All Things Being Equal: We Are Becoming the Internet

Tech has given voice to anyone who can log into venues like Twitter, Facebook, or even the Flyer website — myself a case in point. This is where the egalitarian rubber hits the road, whether it’s Arab Spring, the January D.C. insurrection, any number of Kardashians, Greta Thunberg, Donald Trump — or a window curtain brushing over a keyboard.

Once upon a time (by cracky) one had to pass an editor’s desk and the printer’s mama to have an opinion published. Now with a keystroke, your opinion and anyone else’s is sent to infinite outlets to be read by infinite people. The D.C. insurrectionists may be of no more worth than lunchtime porn, but if people are logging in multiple times a day to understand their imagined body politic, then follow the money. Somebody is.

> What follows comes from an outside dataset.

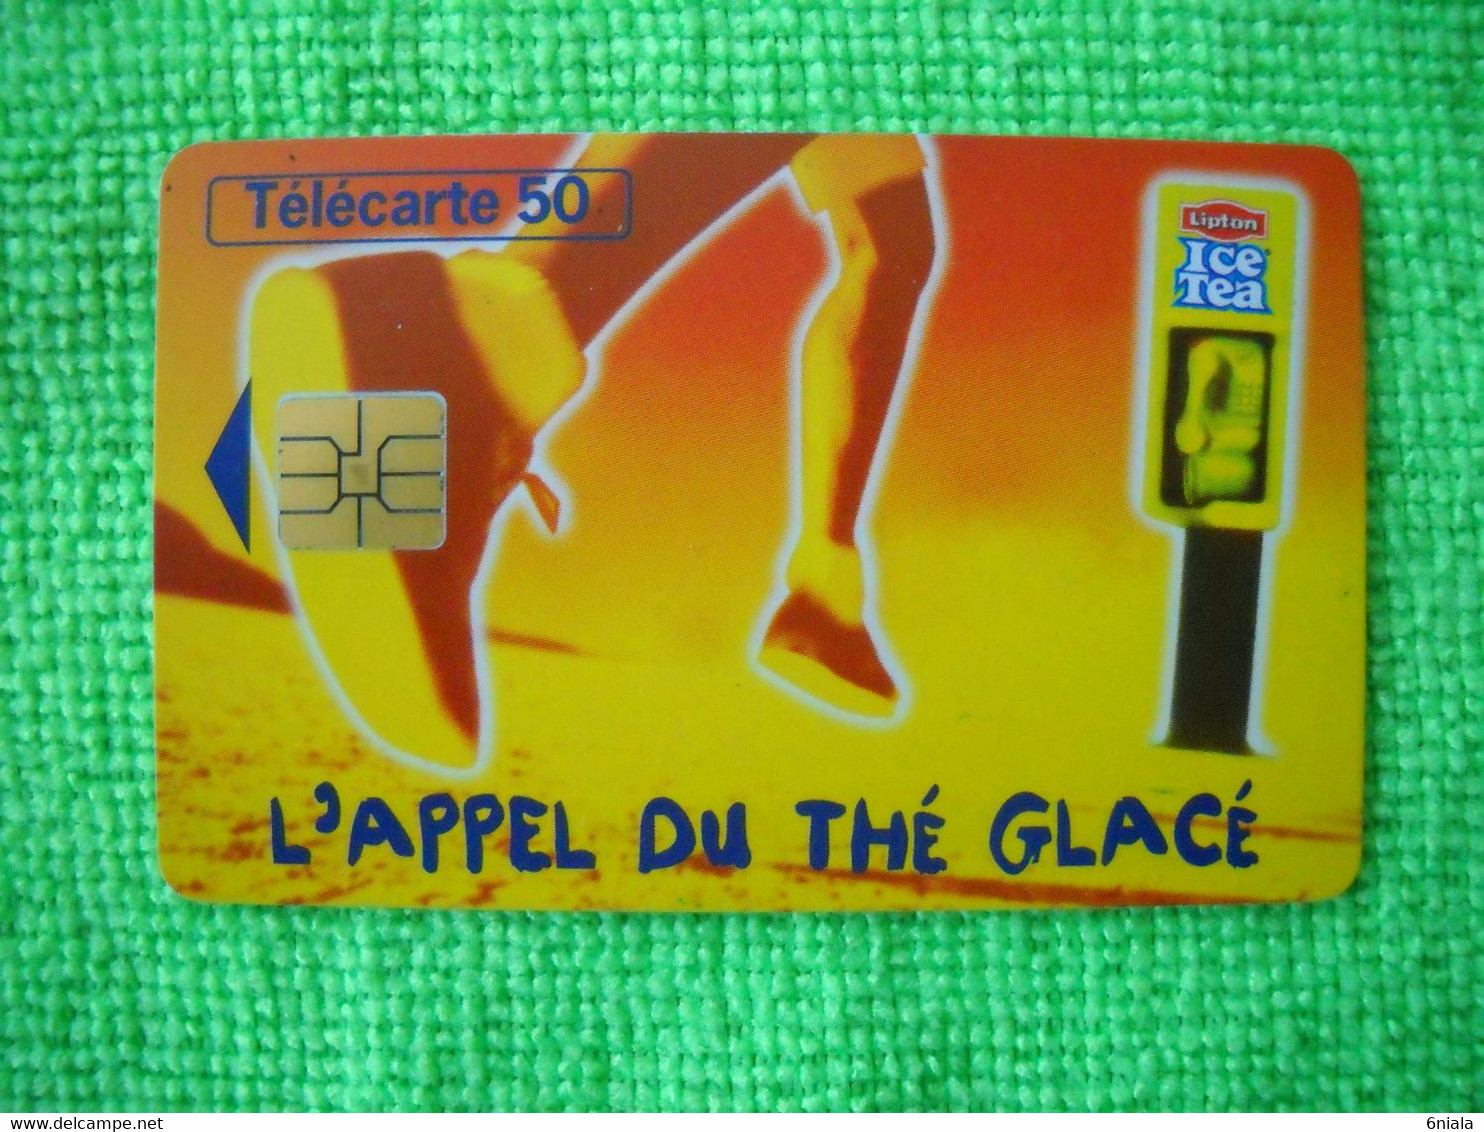 7083 Télécarte Collection ICE TEA L'appel Du Thé Glacé   (Boisson) 50u  ( Recto Verso)  Carte Téléphonique - Alimentation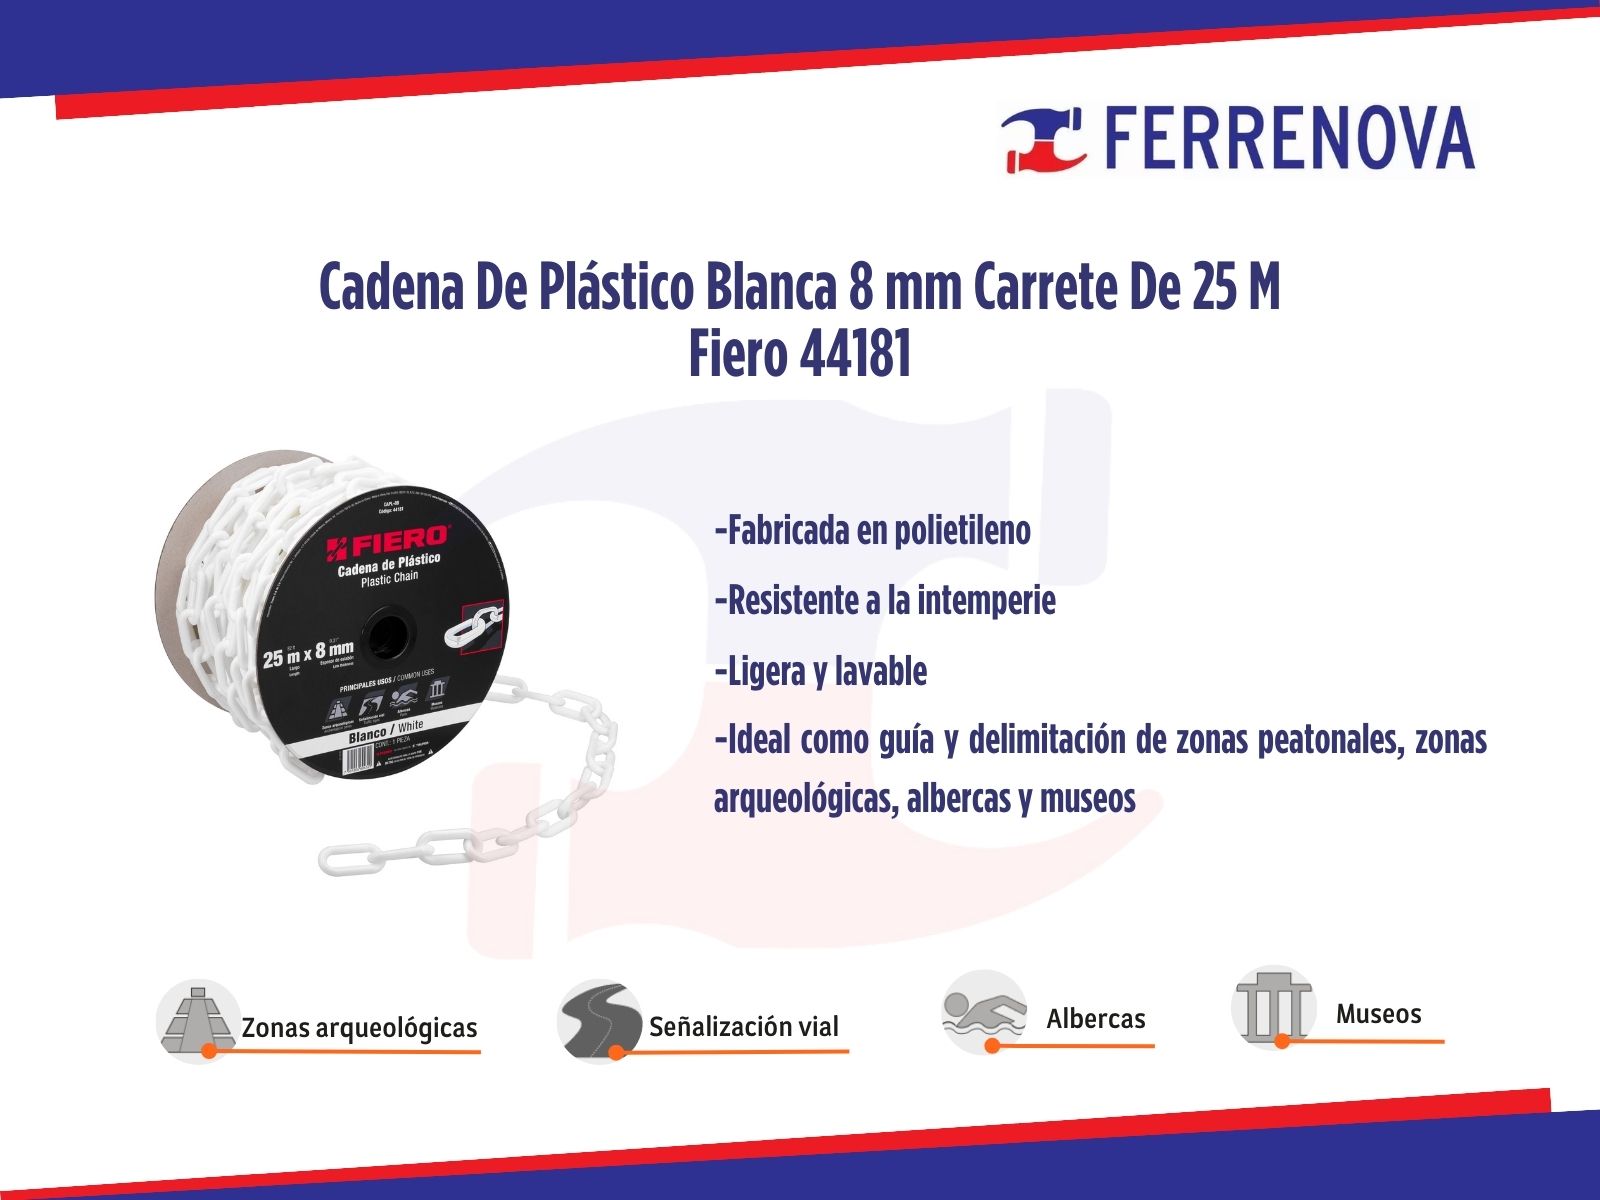 Cadena De Plástico Blanca 8 mm Carrete De 25 M Fiero 44181

Christopher Elwell | Dreamstime.com

But are all citizens in a free society due equal attention, or at least the right to not be blocked from expressing their opinion? Why don’t we want to know what the guy sitting next to us in traffic is thinking? In the information age, there’s a profit both in cacophony and control. Social media — providing news, opinion, porn, and ads — gave a knee to the head of an already down newspaper business, once an agreed-upon source of information to most of the population, a standard such as it was, a template for debate-like interactions. But who works as a town crier anymore? Today, it’s like every window along the loosened cobblestone streets is opened at once and we are showered with points of view and can no more address one drop of rain as the next. (That’s where all those thumbs up icons come in handy.)

We had provocative pamphlets in the past, but only so much pocket space to contain the news, coupons, notes to self, and things we were too ashamed to drop on the public sidewalk. Oddly enough today, even with a handy delete button, we still keep way more of that shit than we should.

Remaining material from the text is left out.